TRY IT: Ignoring every picture, transcribe the data in full as it stands.

┌─ DATA BLOCK

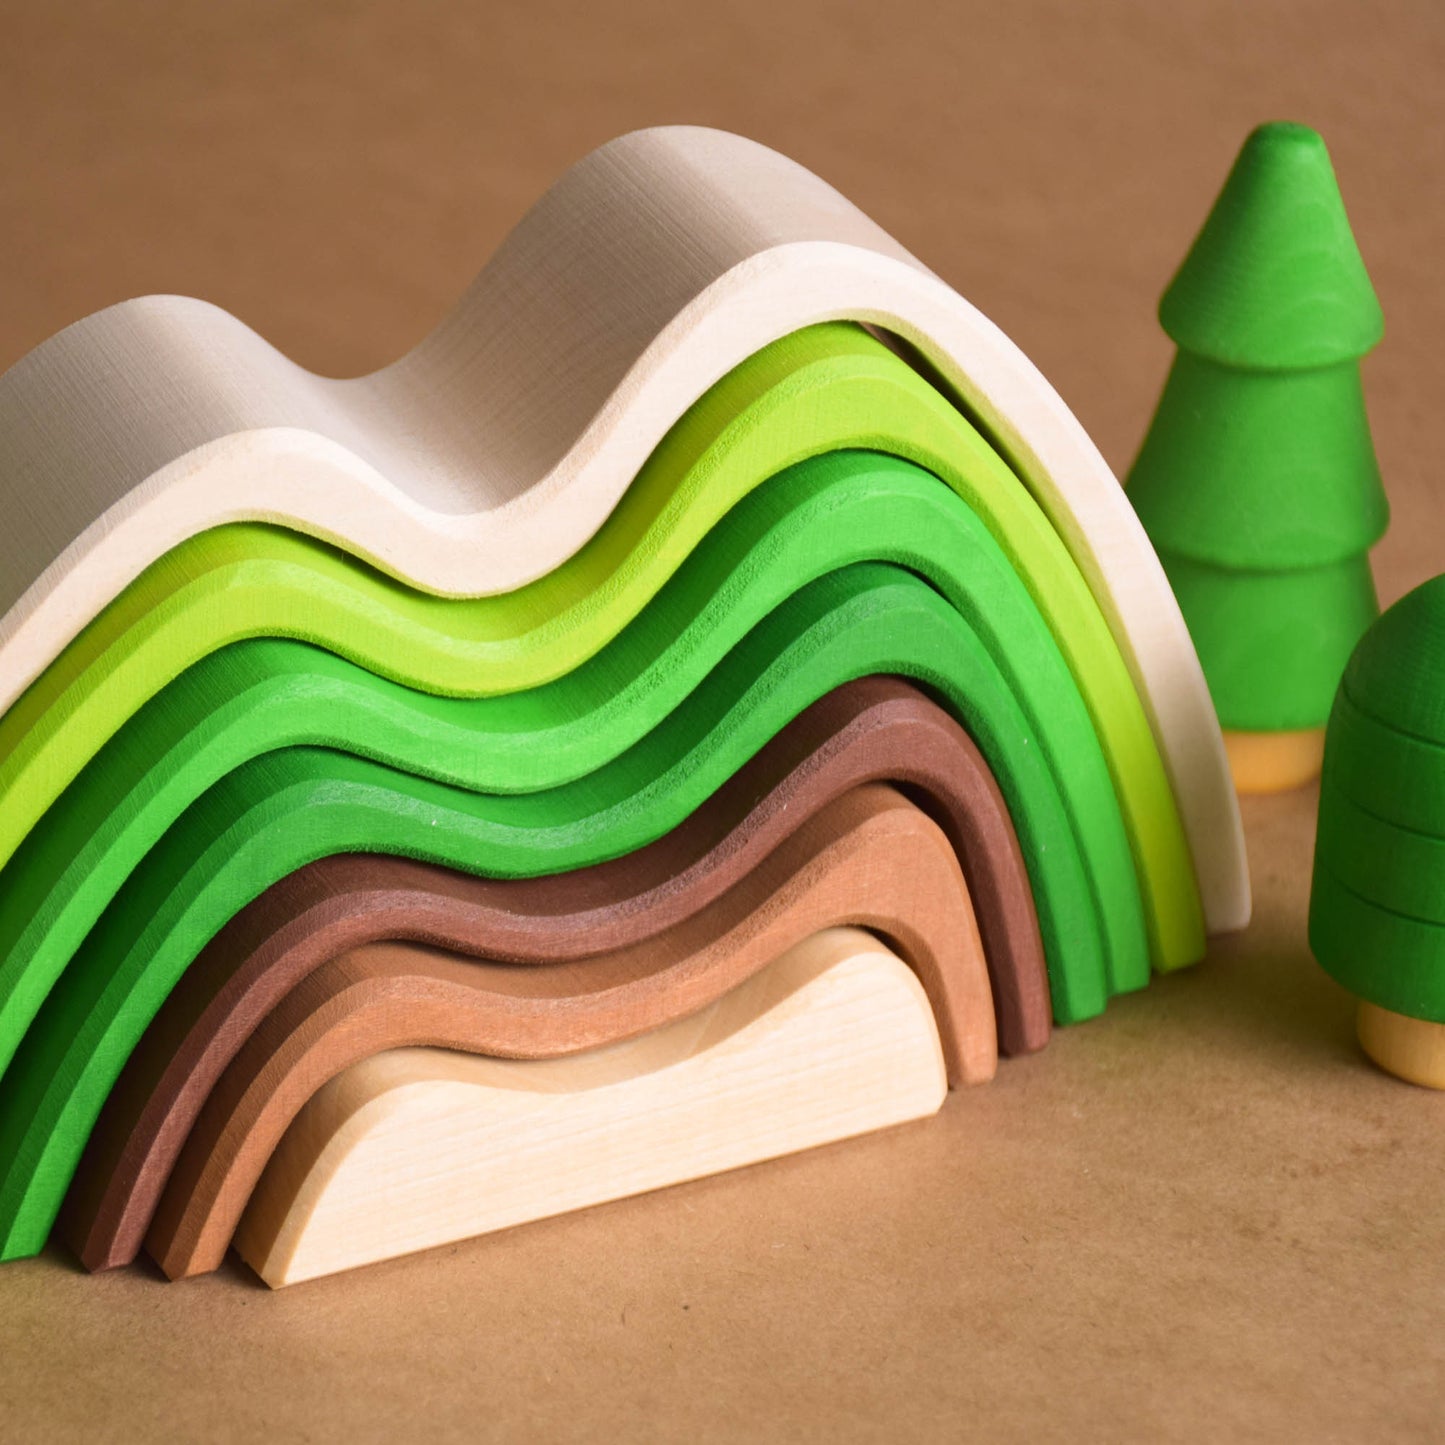 Wooden Mountains Stacker Montessori Puzzle Toy
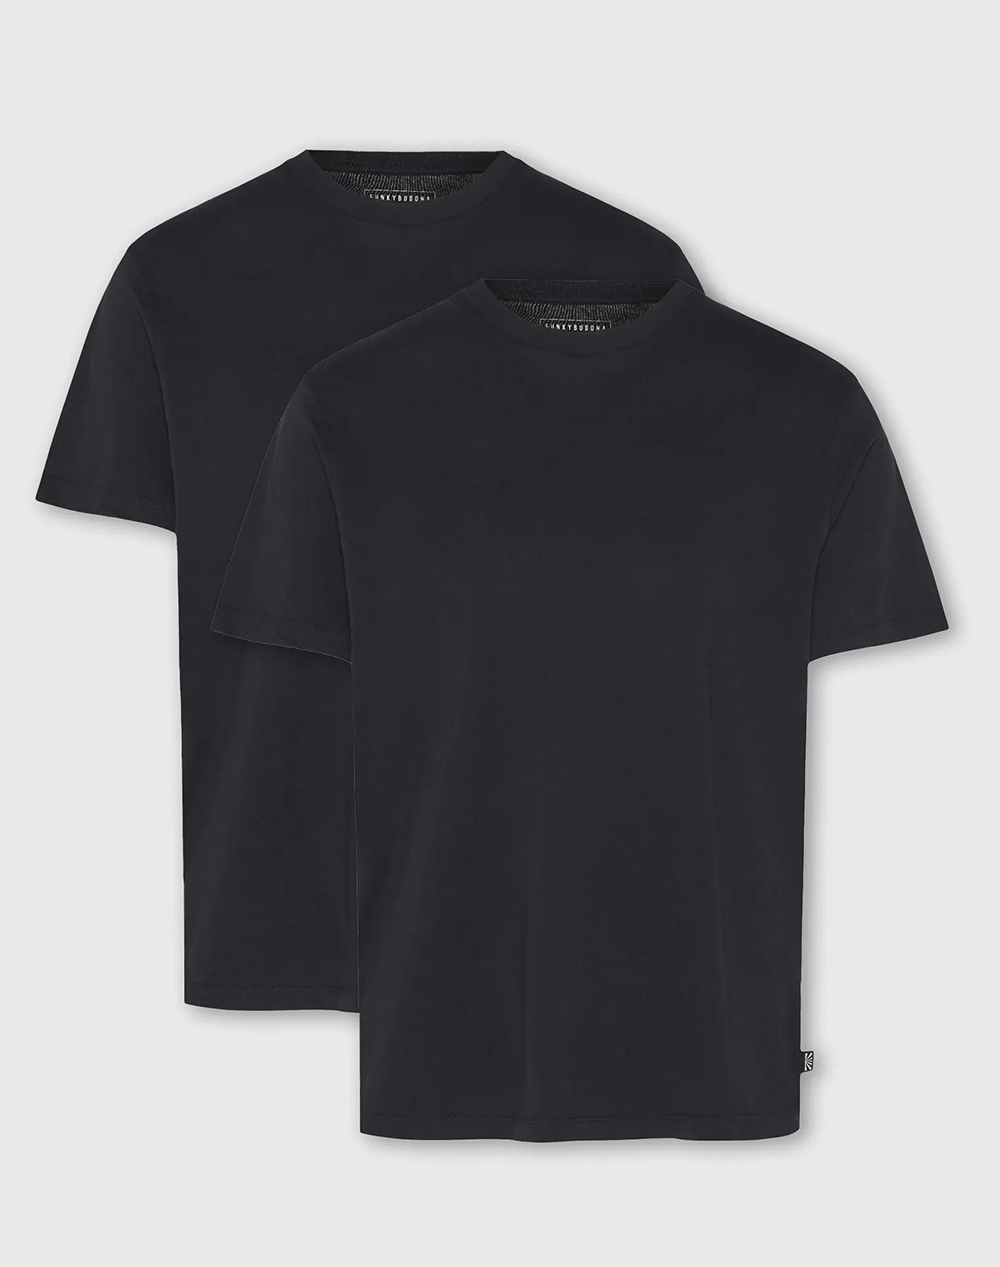 FUNKY BUDDHA Ανδρικά μονόχρωμα t-shirts (σετ 2 τεμ.) FBM009-350-04-BLACK Black
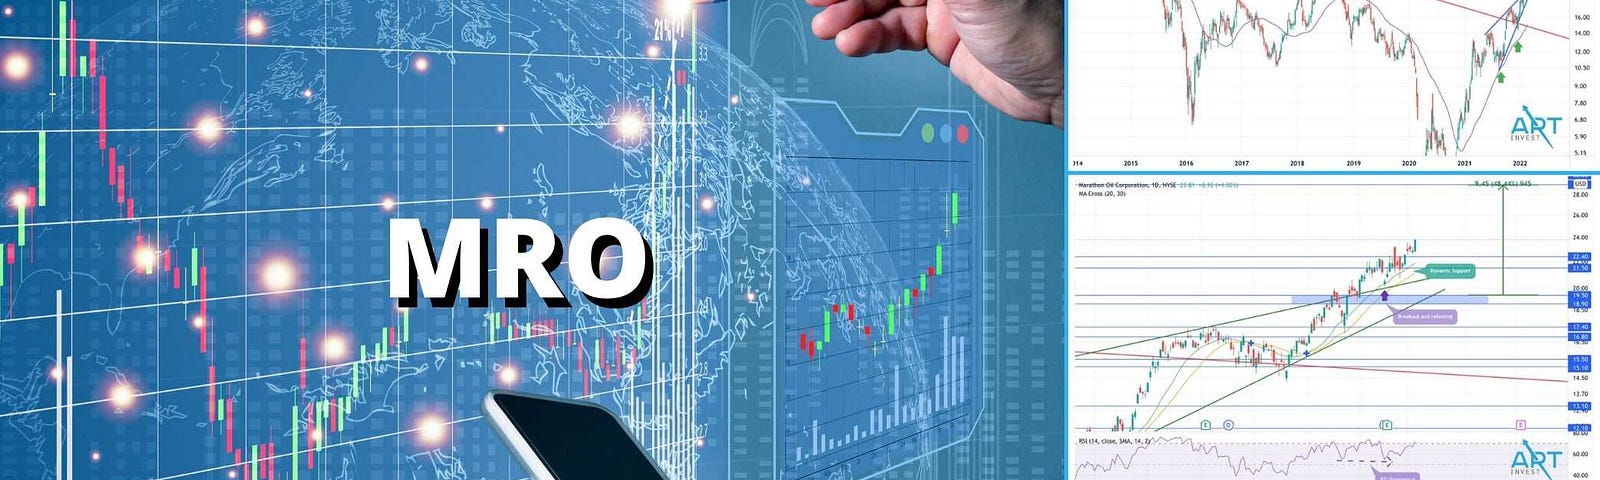 MRO stock technical analysis

└─

RESULT OF THE EXERCISE:
 Wooden Mountains Stacker Montessori Puzzle Toy
 FUNKY BUDDHA Ανδρικά μονόχρωμα t-shirts (σετ 2 τεμ.) FBM009-350-04-BLACK Black
 MRO stock technical analysis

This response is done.